Features and enhancements

  • Store-gateway streaming enabled by default The new default value of 5000 for -blocks-storage.bucket-store.batch-series-size enables store-gateway streaming in the default configuration. This means that series are loaded from object storage in batches rather than buffering them all in memory before returning to the querier. Enabling streaming can reduce memory utilization peaks in the store-gateway.
  • Store-gateway index header reader no longer uses mmap by default Along with streaming enabled in the store-gateway, this change contributes to more efficient memory usage. See the Important changes section for more details.
  • Support for keep_firing_for option to ruler configuration This new option determines the amount of time an alert should keep firing while the ruler expression doesn't return results.
  • More efficient chunks fetching and caching Enable with the new experimental feature flag -blocks-storage.bucket-store.chunks-cache.fine-grained-chunks-caching-enabled=true.

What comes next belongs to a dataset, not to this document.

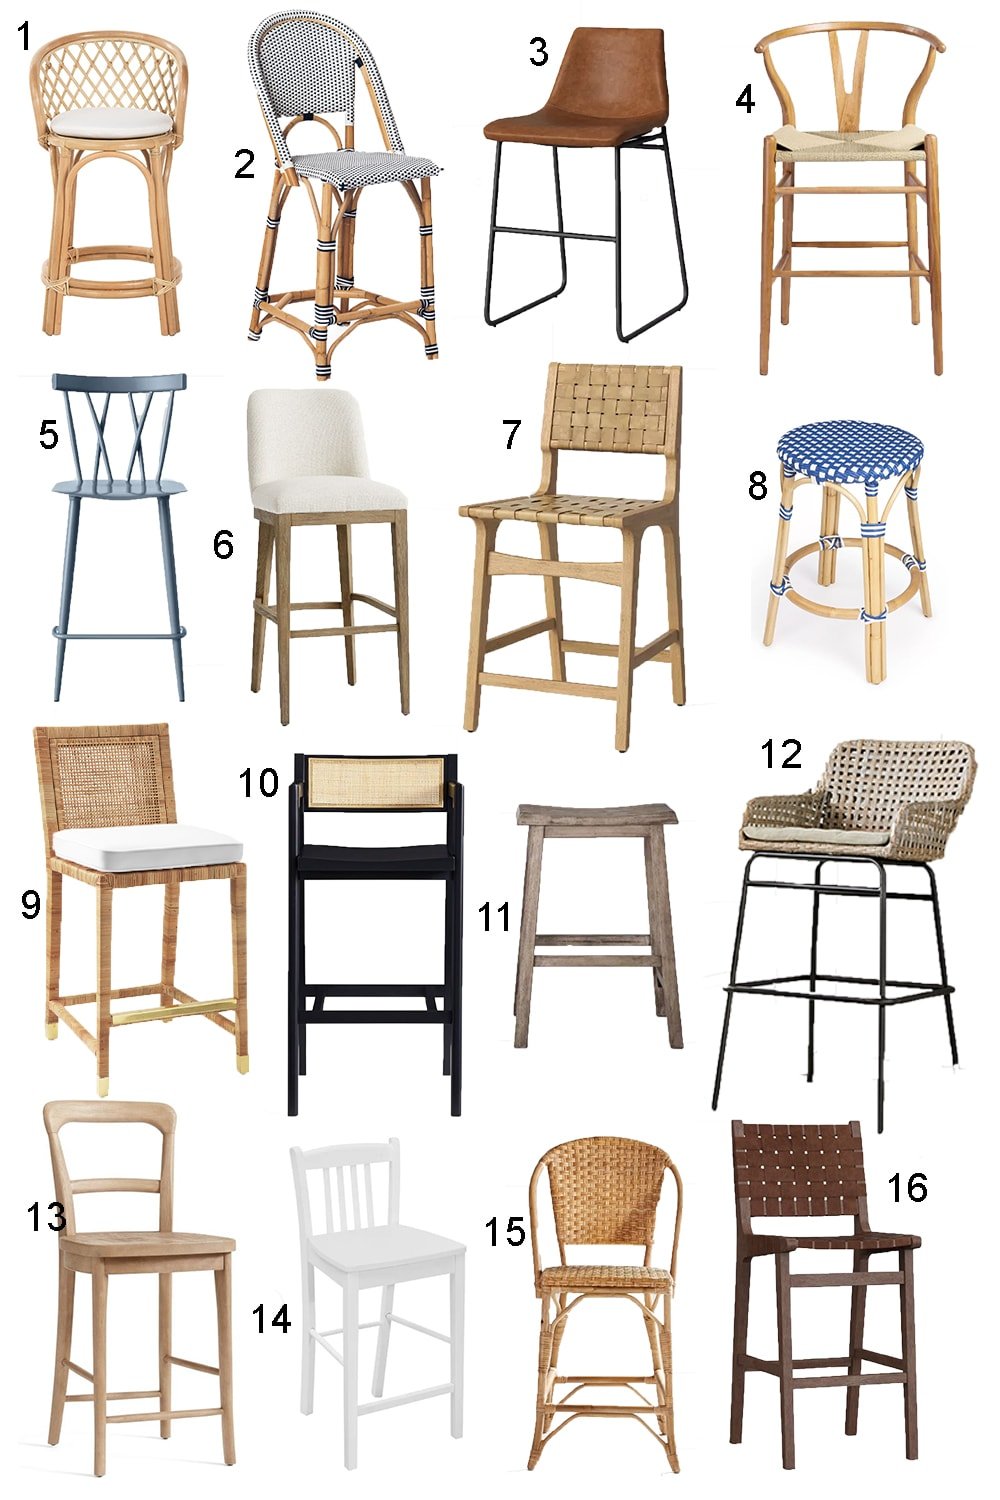 collage of 16 kitchen counter stools and chairs

This should reduce CPU, memory utilization, and receive bandwidth of a store-gateway.
  • Experimental query sharding improvements:
    A new configuration parameter, -query-frontend.query-sharding-target-series-per-shard, allows query sharding to take into account cardinality of similar requests executed previously when computing the maximum number of shards to use. If you want to try it out, we recommend starting with a value of 2500.
  • Experimental support for native histogram ingestion:
    Native histograms can now be ingested. The new per-tenant limit -ingester.native-histograms-ingestion-enabled controls whether native histograms are stored or ignored. The support for querying native histograms is not complete yet and it's expected to be available in the next release.

Alertmanager improvements

  • New metrics The following upstream metrics are now exposed:
    • cortex_alertmanager_dispatcher_aggregation_groups
    • cortex_alertmanager_dispatcher_alert_processing_duration_seconds

Helm chart improvements

The Grafana Mimir and Grafana Enterprise Metrics Helm chart is now released independently. See the Grafana Mimir Helm chart documentation.

Important changes

In Grafana Mimir 2.7, the default vaules of the following configuration options have changed:

  • -blocks-storage.bucket-store.batch-series-size is now enabled by default with a value of 5000.
  • -ruler.evaluation-delay-duration has changed from 0 to 1m.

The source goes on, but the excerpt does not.